After an evaluation, GNOME has moved from Bugzilla to GitLab. Learn more about GitLab.
No new issues can be reported in GNOME Bugzilla anymore.
To report an issue in a GNOME project, go to GNOME GitLab.
Do not go to GNOME Gitlab for: Bluefish, Doxygen, GnuCash, GStreamer, java-gnome, LDTP, NetworkManager, Tomboy.
Bug 615777 - Gnumeric mangles dates from Excel .xlsx files
Gnumeric mangles dates from Excel .xlsx files
Status: RESOLVED FIXED
Product: Gnumeric
Classification: Applications
Component: import/export MS Excel (tm)
1.8.x
Other Linux
: Normal normal
: ---
Assigned To: Jody Goldberg
Jody Goldberg
Depends on:
Blocks:
 
 
Reported: 2010-04-14 19:33 UTC by Penelope Fudd
Modified: 2010-04-15 04:42 UTC
See Also:
GNOME target: ---
GNOME version: ---


Attachments
Spreadsheet showing the problem (27.53 KB, application/vnd.openxmlformats-officedocument.spreadsheetml.sheet)
2010-04-14 19:33 UTC, Penelope Fudd
Details

Description Penelope Fudd 2010-04-14 19:33:03 UTC
Created attachment 158750 [details]
Spreadsheet showing the problem

I've been given an excel file in .xlsx format, and some dates are off by about four years.

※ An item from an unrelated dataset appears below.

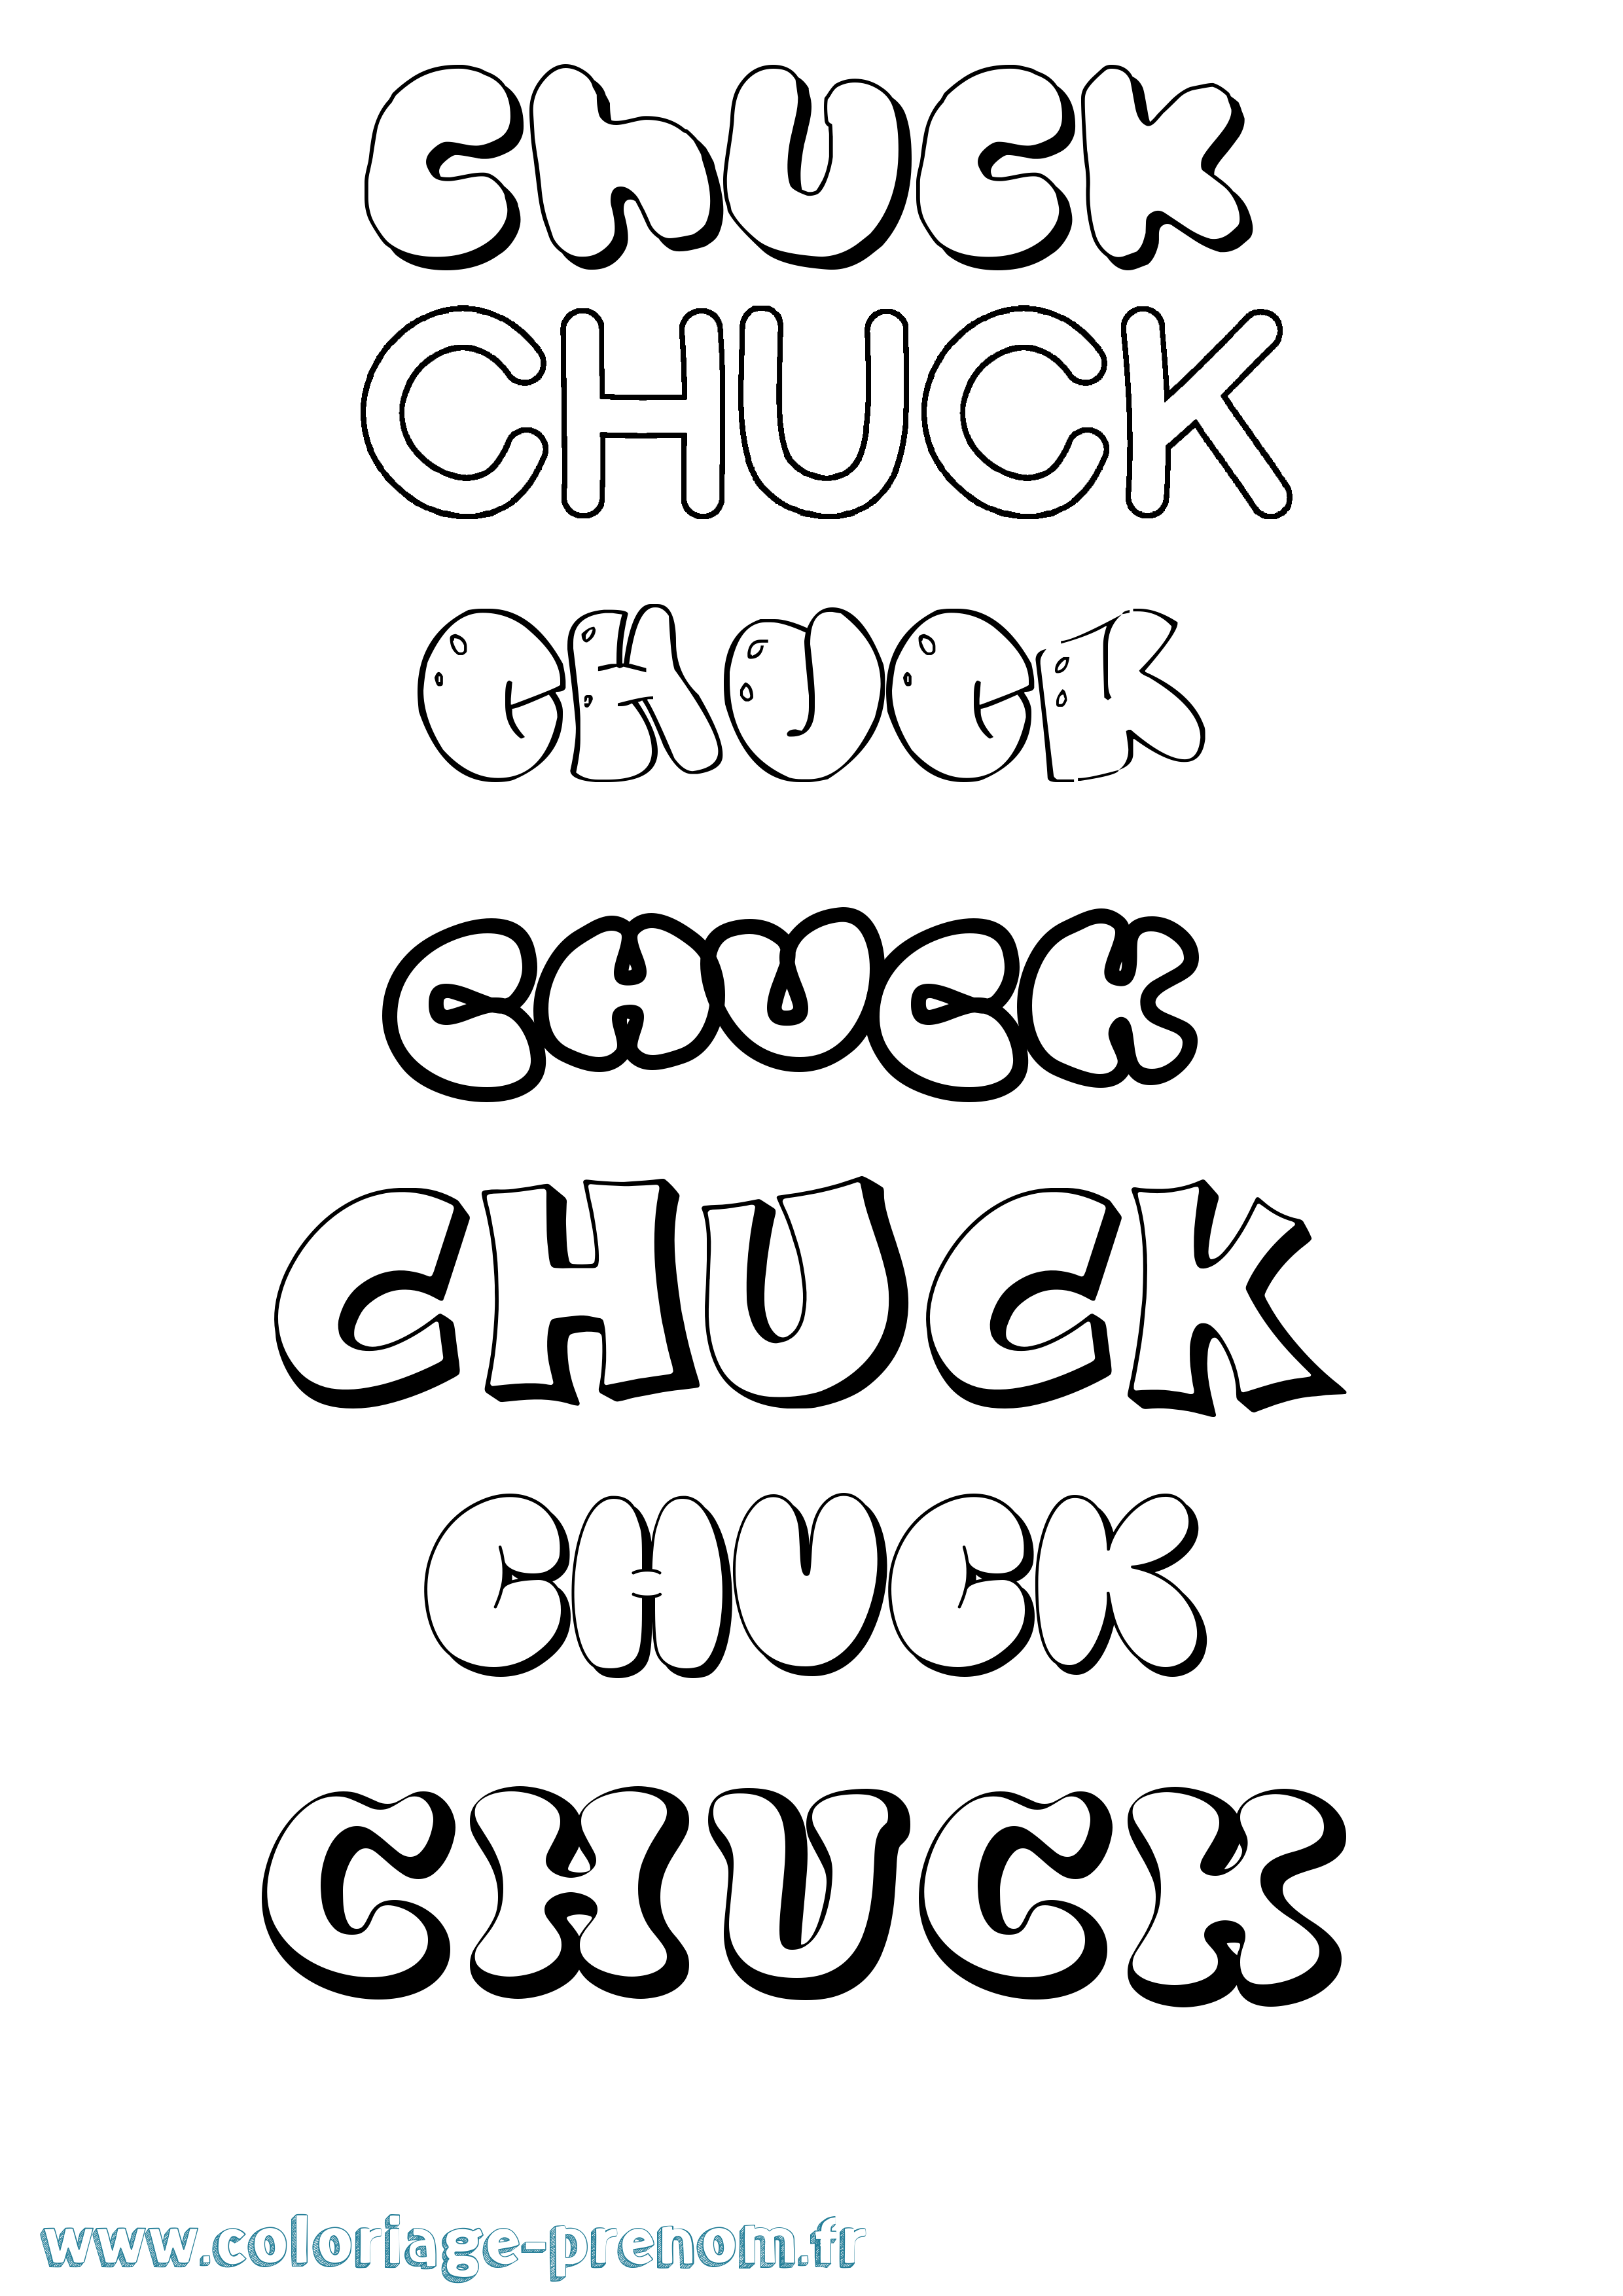 Coloriage prénom Chuck Bubble

See the attached file: on worksheet 1 (Soil sample), cells D3:D28; the dates should be in 2007, but instead appear as 2003.

Oddly enough, the dates on worksheet 2 (DW-Extraction-Quantification), cells G2:I29 have the correct year.

Opening the file with Openoffice 3.1.1 gives the correct dates.

This is on a Fedora 11 system, which is kept up-to-date with yum nightly.  The rpm is gnumeric-1.8.4-5.fc11.i586.rpm.
Comment 1 Andreas J. Guelzow 2010-04-15 01:48:59 UTC
Are you sure that Openoffice gives the correct dates? 

With OOo 3.1.1 I see:

on "Soil Samples" D3: 22/10/2007
on "...Extraction..." G2: 11-Aug-11

while current Gnumeric yields:

on "Soil Samples" D3: 10-21-03
on "...Extraction..." G2: 21-Aug-07

In both sstems the serial numbers of those cells are 37915 and 39315 respectively. So the difference is the null date (ie. the date with serial number 0.)

Considering that the file really stores the serial numbers and I suspect that these dates are supposed to be in th e2007, Excel appears to use different null dates on different sheets (perhaps these sheets originated on different machines.)

OOo uses a null date for these files of 1994/1/1 while gnumeric uses a null date of 1899/12/31 with a skip of 1 after 1900/2/28.

Note that by default OOo uses a null date of 1899/12/30 but adjusts it for these files. Gnumeric's adjustment is not triggered.
Comment 2 Andreas J. Guelzow 2010-04-15 01:54:53 UTC
Note that rather than 11-Aug-11 it should have been 22-Aug-11.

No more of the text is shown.